Republicans who have signed on to the bipartisan agreement include Sens. Mike Rounds (R-S.D.), Lindsey Graham (R-S.C.), John McCain (R-Ariz.), Bill Cassidy (R-La.), Susan Collins (R-Maine), Joni Ernst (R-Iowa), Lisa Murkowski (R-Alaska), Chuck Grassley (R-Iowa), Johnny Isakson (R-Ga.), Richard Burr (R-N.C.), and Bob Corker (R-Tenn.).

They join Sens. Angus King (I-Maine), Jeanne Shaheen (D-N.H.), Joe Donnelly (D-Ind.), Amy Klobuchar (D-Minn.), Heidi Heitkamp (D-N.D.), Al Franken (D-Minn.), Joe Manchin (D-W.Va.), Tom Carper (D-Del.), Tammy Baldwin (D-Wis.), Claire McCaskill (D-Mo.), and Maggie Hassan (D-N.H.).

Murray said that “the law is very clear that these payments are required — but with the president’ s decision to stop them families are looking to Congress and this administration and asking what we plan to do.”

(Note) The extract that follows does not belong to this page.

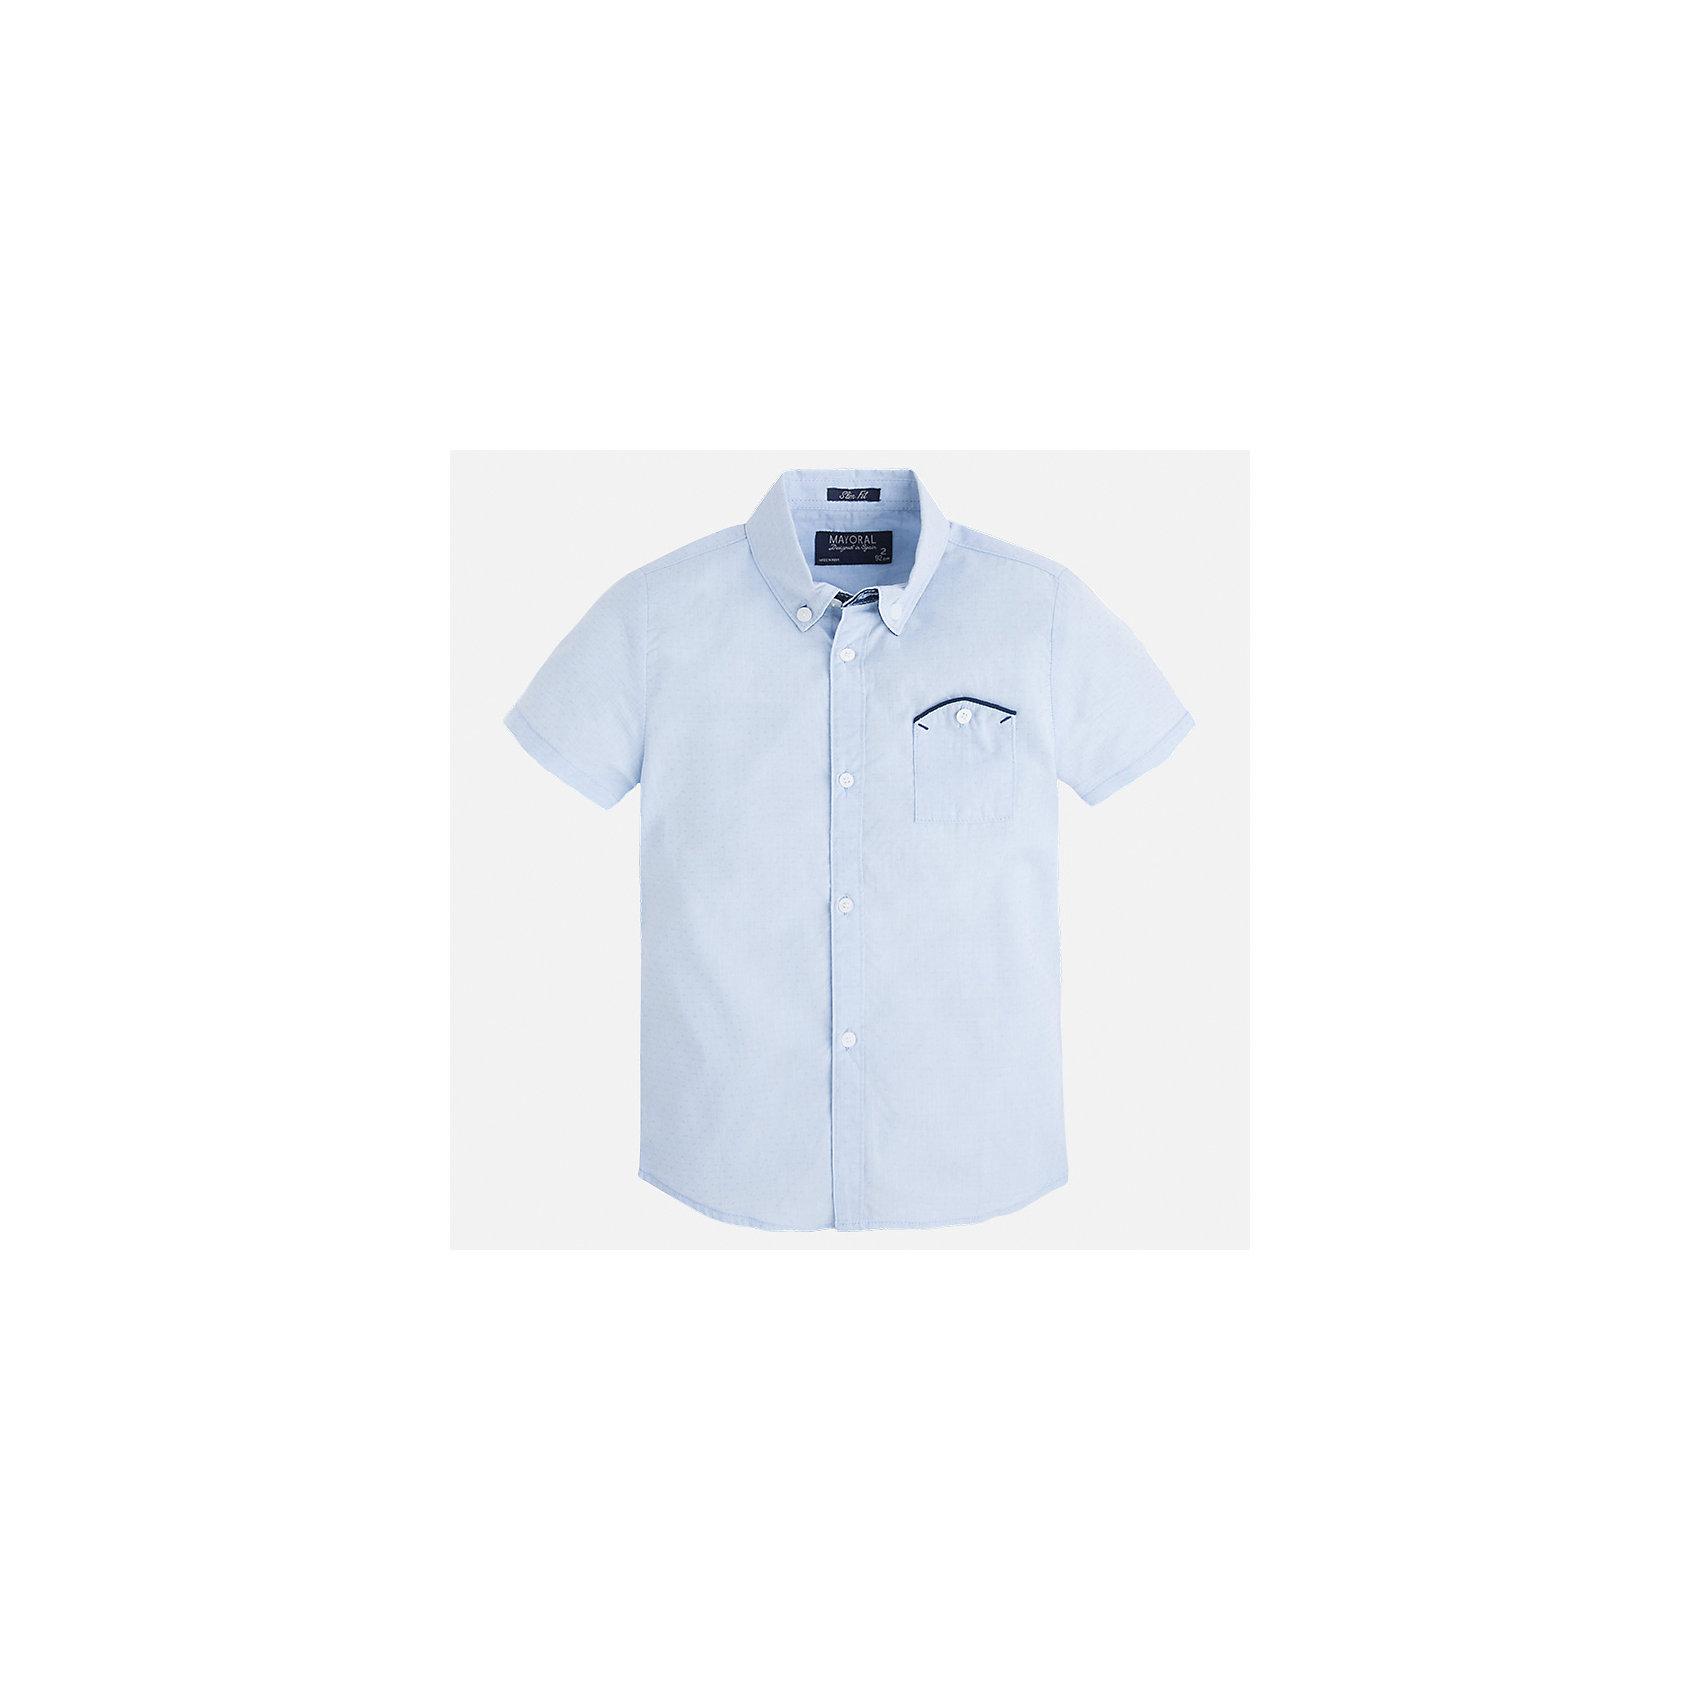 Рубашка для мальчика MayoralБлузки и рубашки<br>Характеристики товара:<br><br>• цвет: голубой<br>• состав: 100% хлопок<br>• отложной воротник<br>• короткие рукава<br>• застежка: пуговицы<br>• карман на груди<br>• страна бренда: Испания<br><br>Стильная рубашка для мальчика может стать базовой вещью в гардеробе ребенка. Она отлично сочетается с брюками, шортами, джинсами и т.д. Универсальный крой и цвет позволяет подобрать к вещи низ разных расцветок. Практичное и стильное изделие! В составе материала - только натуральный хлопок, гипоаллергенный, приятный на ощупь, дышащий.<br><br>Одежда, обувь и аксессуары от испанского бренда Mayoral полюбились детям и взрослым по всему миру. Модели этой марки - стильные и удобные. Для их производства используются только безопасные, качественные материалы и фурнитура. Порадуйте ребенка модными и красивыми вещами от Mayoral! <br><br>Рубашку для мальчика от испанского бренда Mayoral (Майорал) можно купить в нашем интернет-магазине.<br><br>Ширина мм: 174<br>Глубина мм: 10<br>Высота мм: 169<br>Вес г: 157<br>Цвет: голубой<br>Возраст от месяцев: 18<br>Возраст до месяцев: 24<br>Пол: Мужской<br>Возраст: Детский<br>Размер: 92,98,134,128,122,116,110,104<br>SKU: 5272225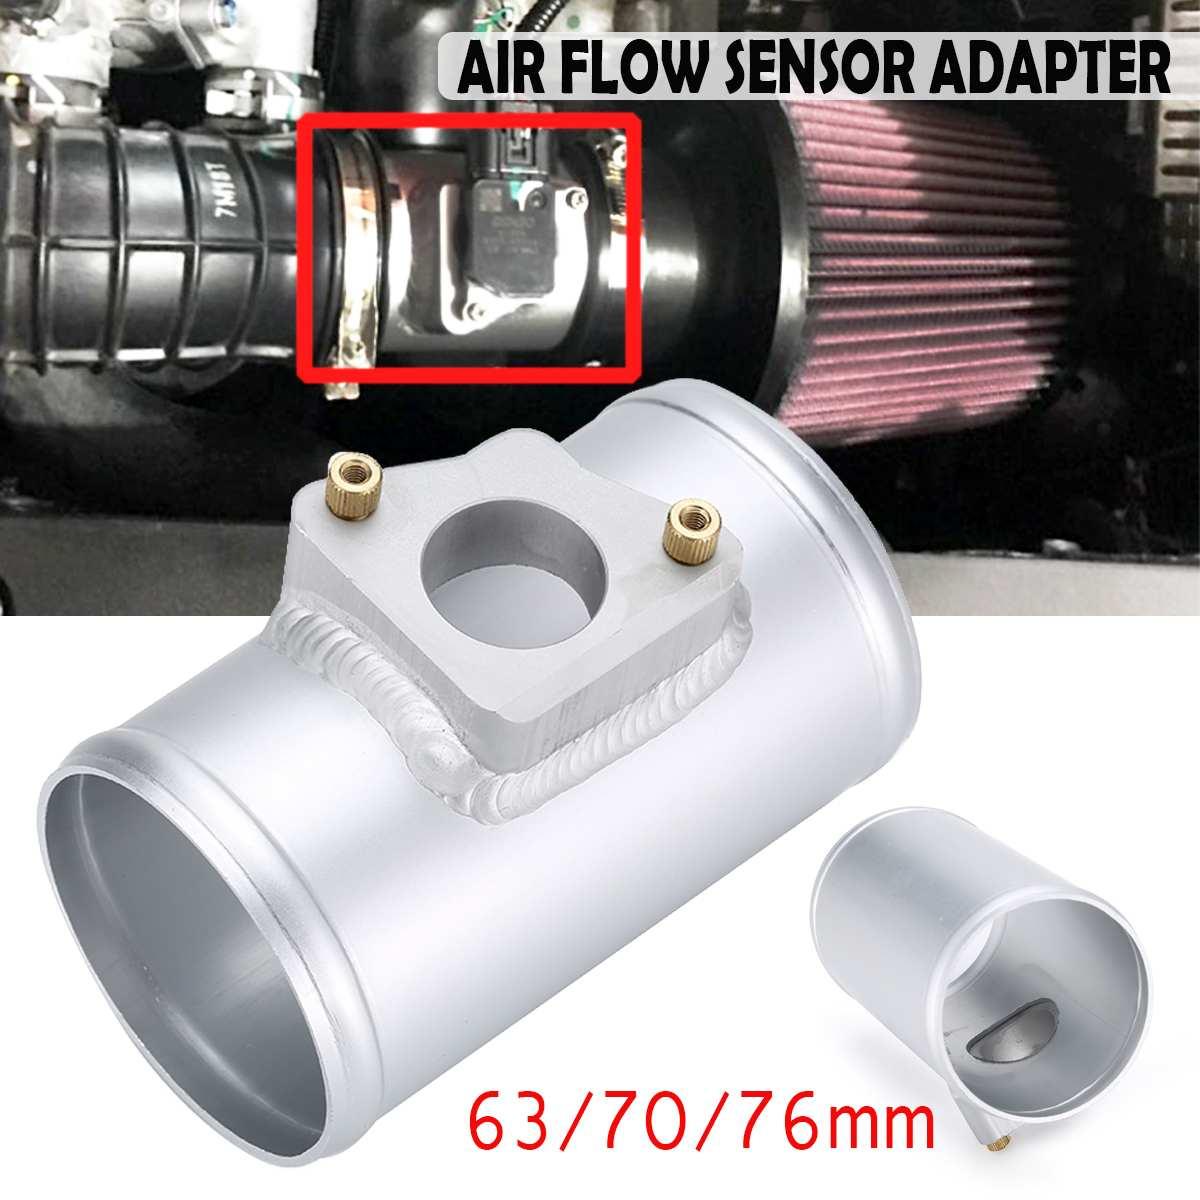 Adaptador de Sensor de flujo de aire montaje de medidor de admisión de aire 63 70 76mm para TOYOTA para MAZDA 3 6 para SUBARU SUZUKI JIMNY MAF

“So I am glad that both Democrats and Republicans agreed that we needed to act — and that we could do much better working together, under regular order, than doubling down on partisanship and dysfunction,” she said. “As a result of the hard work of Chairman Alexander and members of our health committee, and with the input of half the Senate, we’re able today to put forward an answer: a bipartisan solution that prevents families from paying the price for sabotage and uncertainty — one that members on both sides of the aisle can be proud to support.”